● Task to carry out
Return the full listing unchanged, excluding any images it contains.

● Information shown

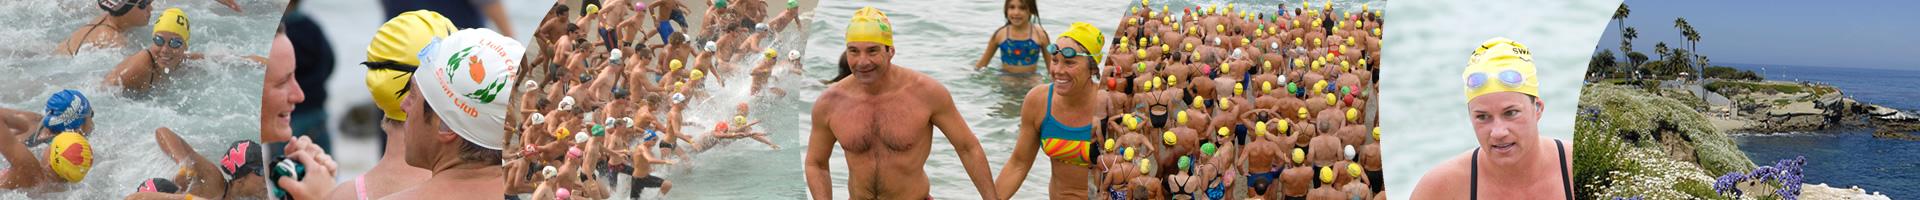 La Jolla Cove Swim Club
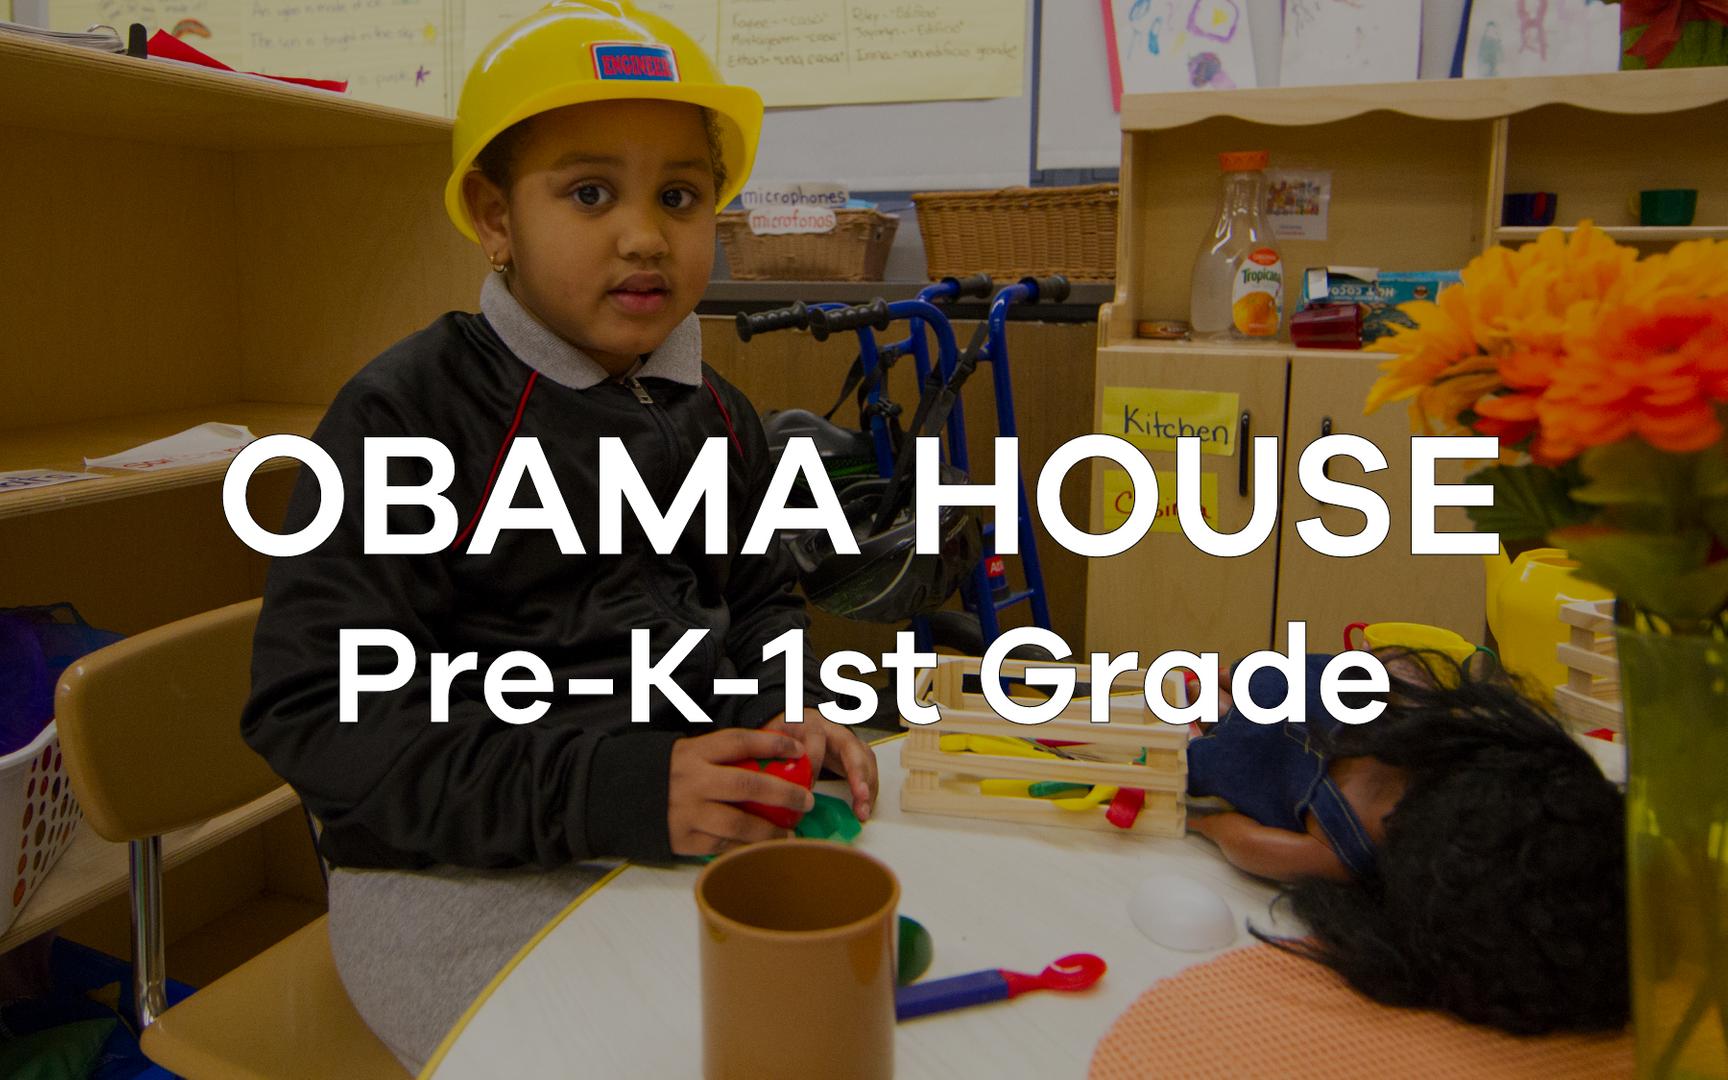 Obama House Pre-K - 1st Grade
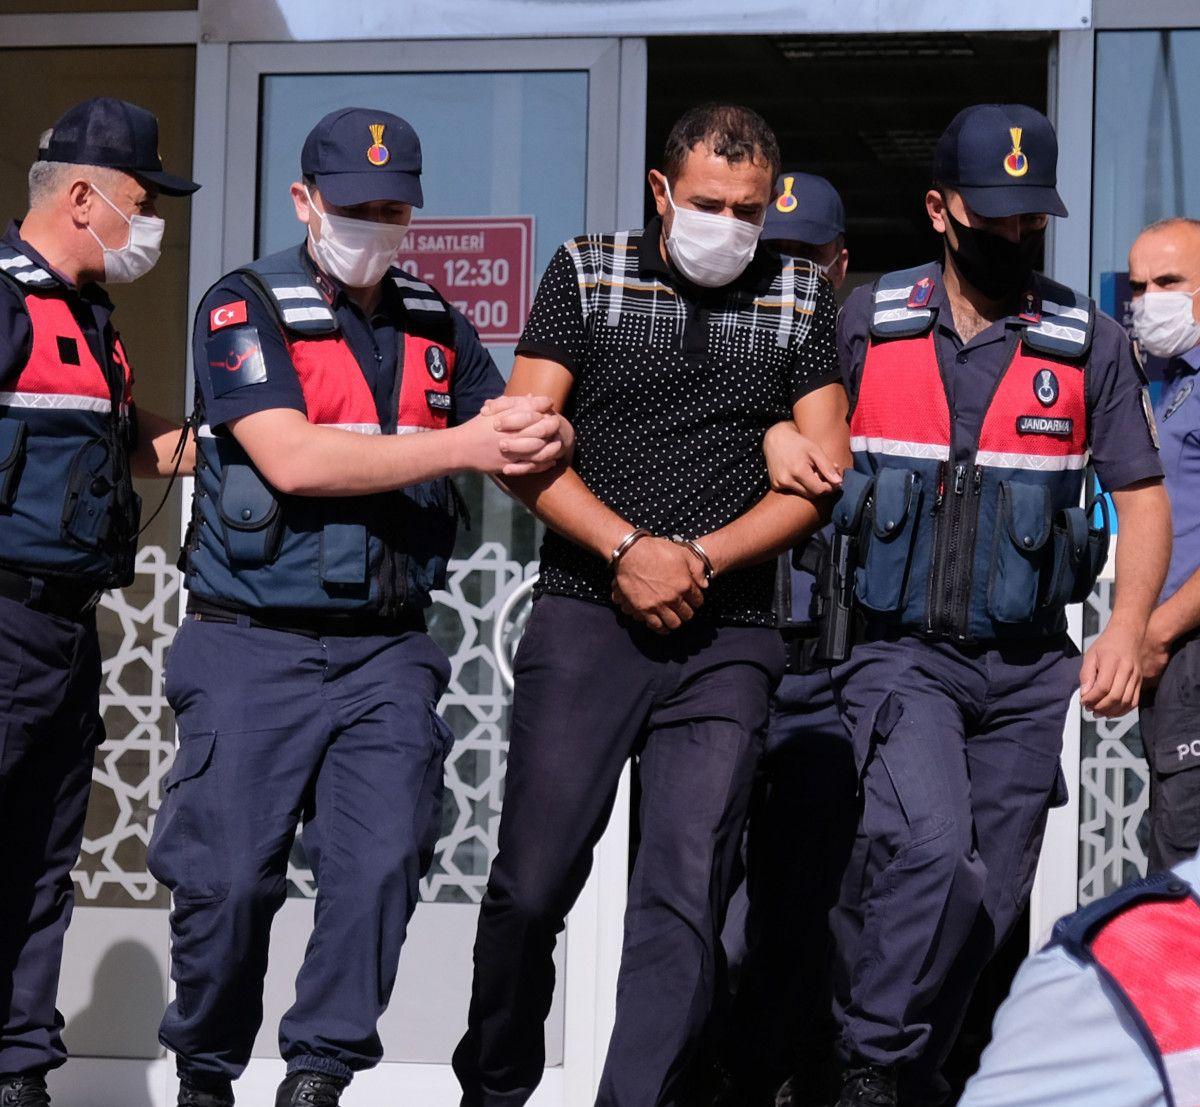 Konya daki  Büyükşen  cinayetinde tutuklu sanıklardan biri hayatını kaybetti #2

● Response to this exercise
 La Jolla Cove Swim Club
 Obama House Pre-K - 1st Grade
 Konya daki  Büyükşen  cinayetinde tutuklu sanıklardan biri hayatını kaybetti #2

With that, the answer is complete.